◆ DATA SECTION:
####

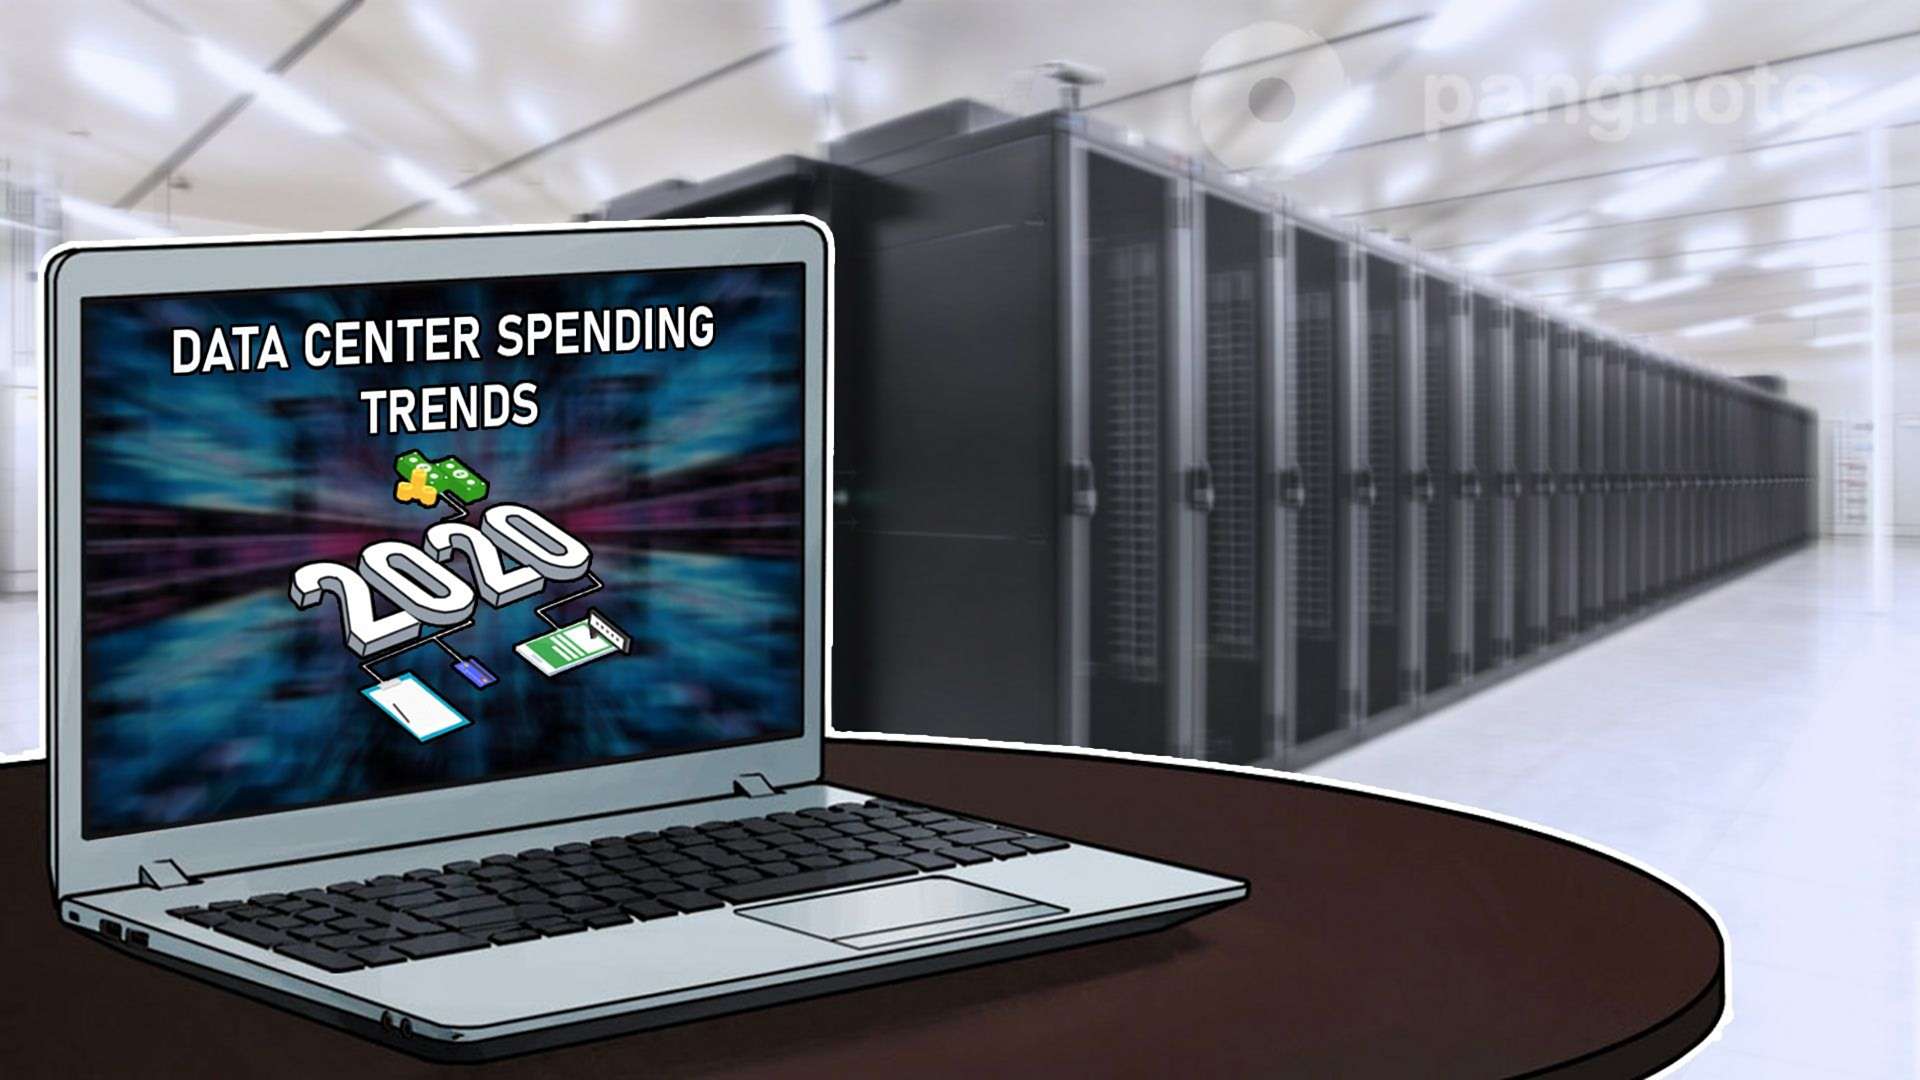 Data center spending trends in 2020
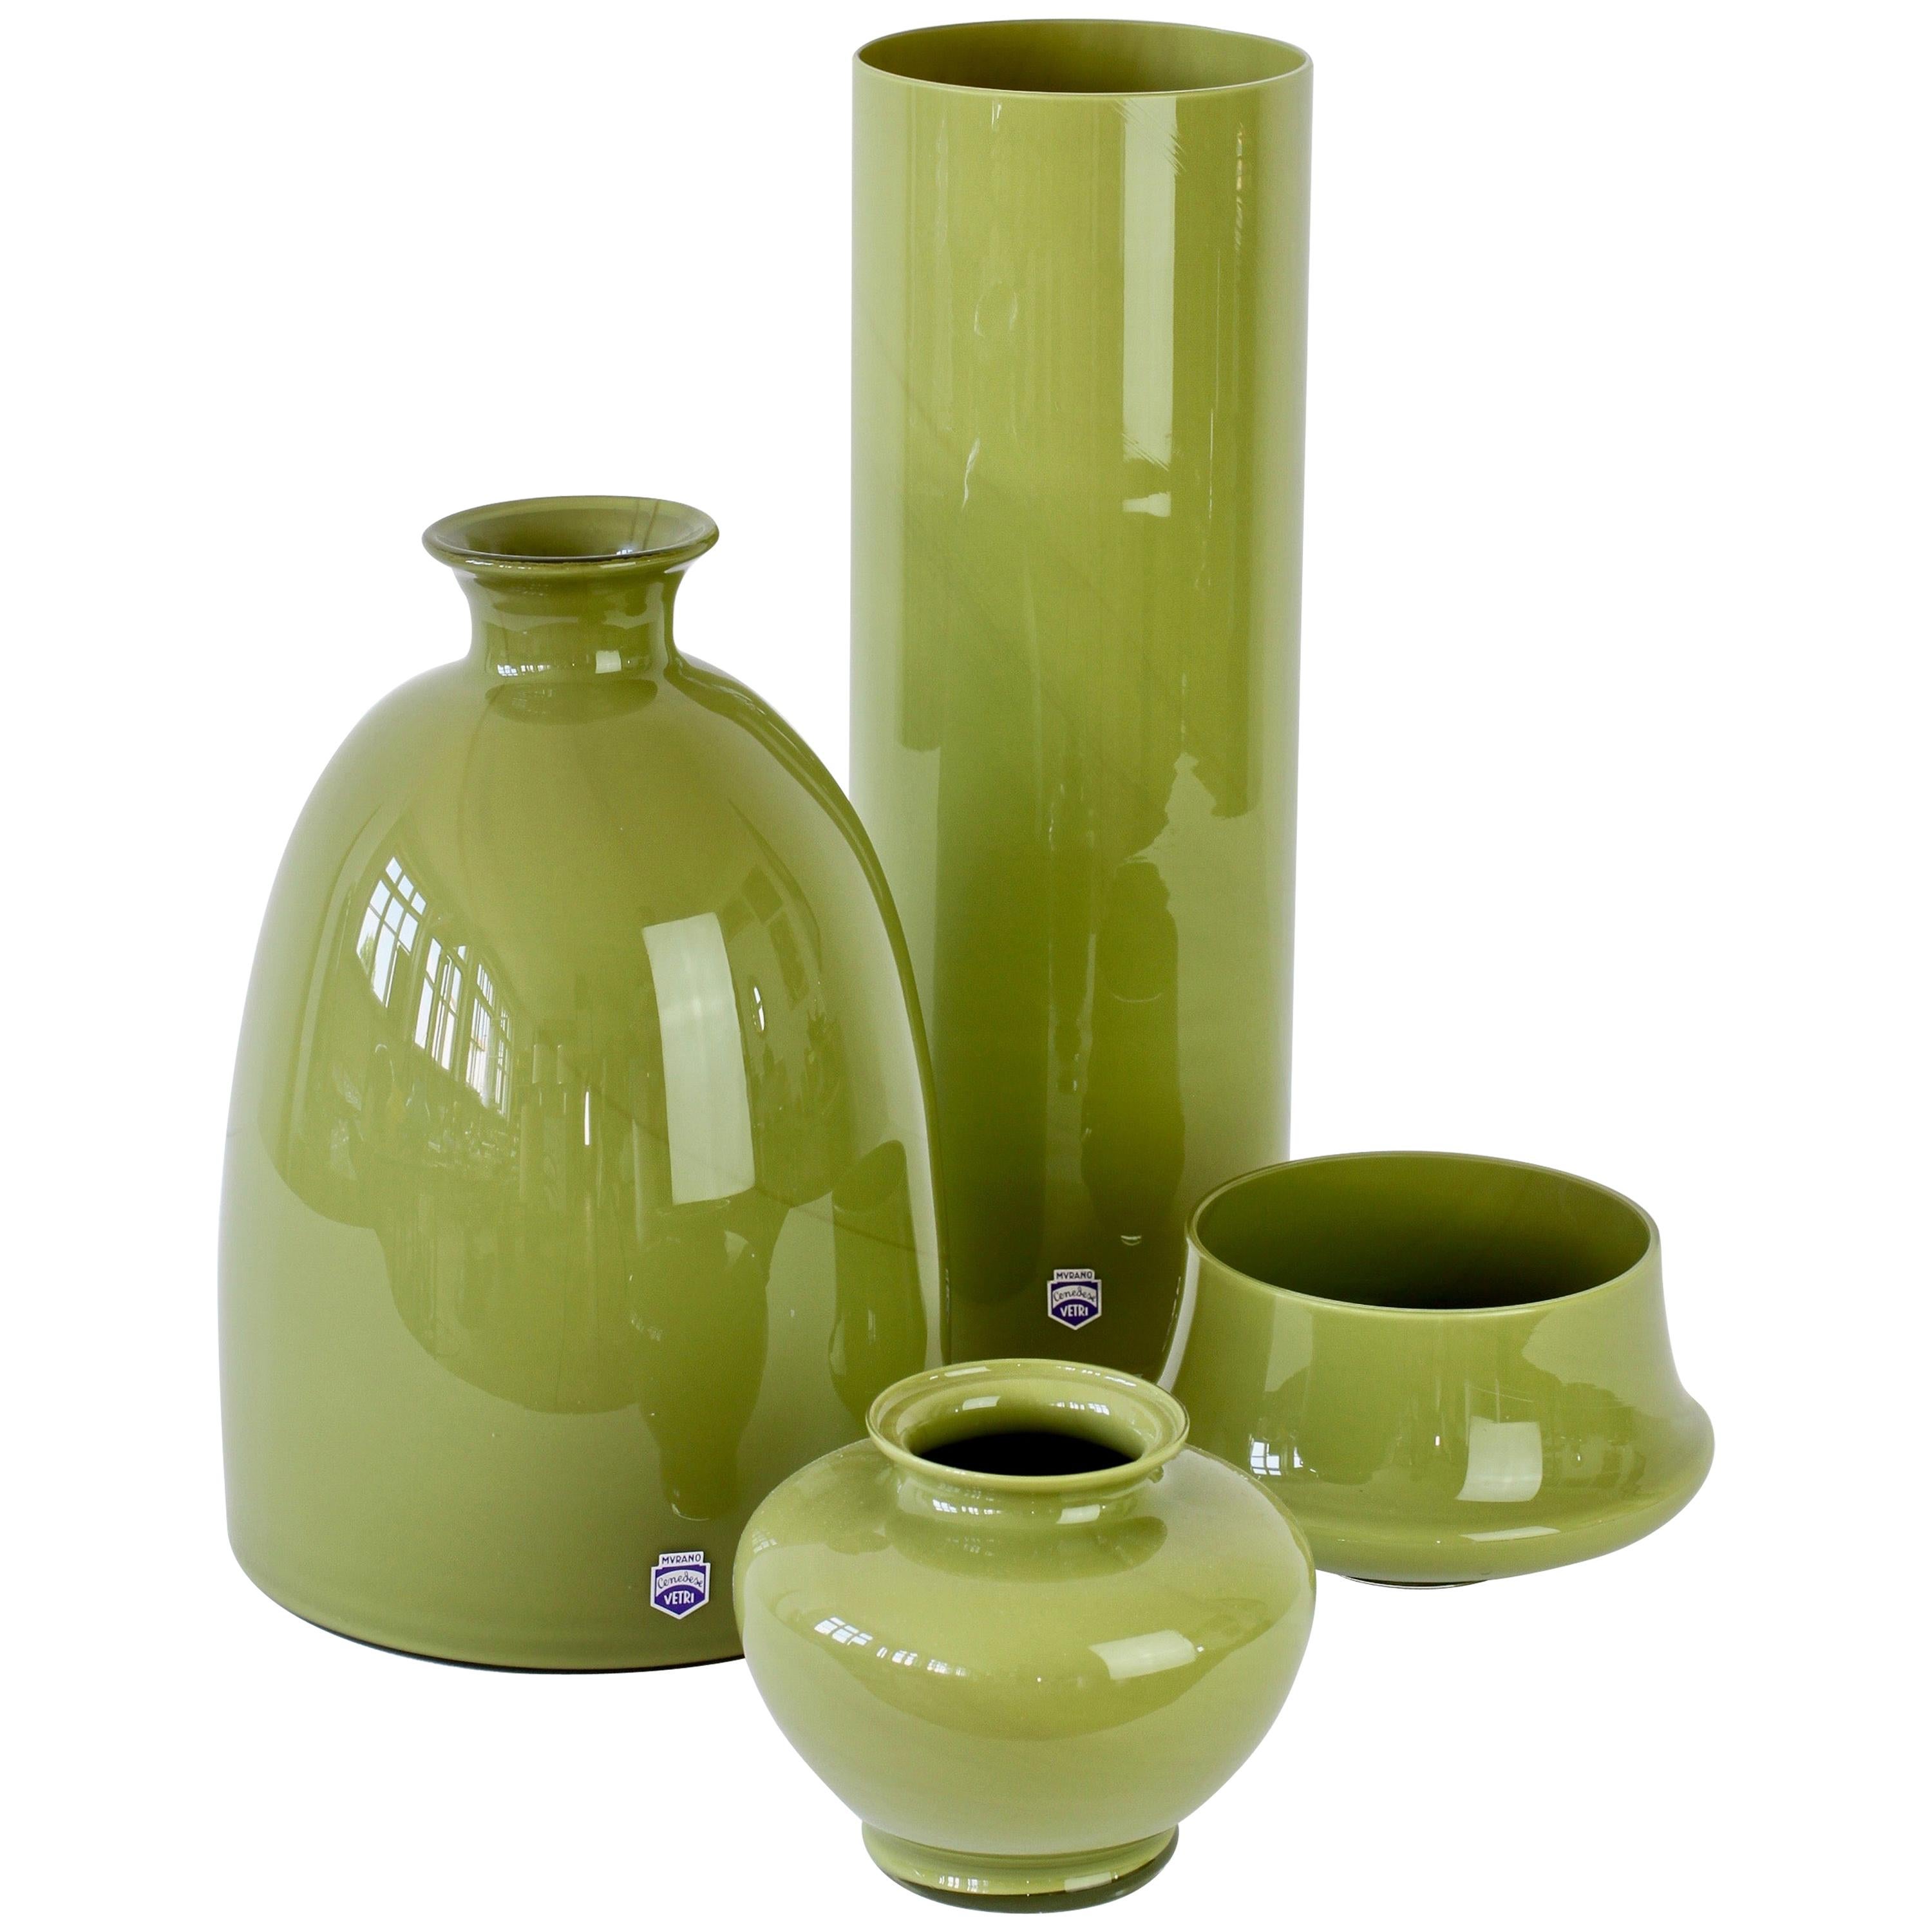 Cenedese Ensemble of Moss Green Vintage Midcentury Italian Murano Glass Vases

####

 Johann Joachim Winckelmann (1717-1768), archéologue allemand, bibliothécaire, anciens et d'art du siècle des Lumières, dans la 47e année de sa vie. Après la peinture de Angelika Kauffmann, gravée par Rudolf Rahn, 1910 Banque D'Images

####

◆ REQUIREMENT: From the data above, return only the lines starting at the line that holds "Data center spending trends in 2020" and ending at the line that holds "Cenedese Ensemble of", word for word and without pictures.

◆ TASK RESULT:
 Data center spending trends in 2020
 Cenedese Ensemble of Moss Green Vintage Midcentury Italian Murano Glass Vases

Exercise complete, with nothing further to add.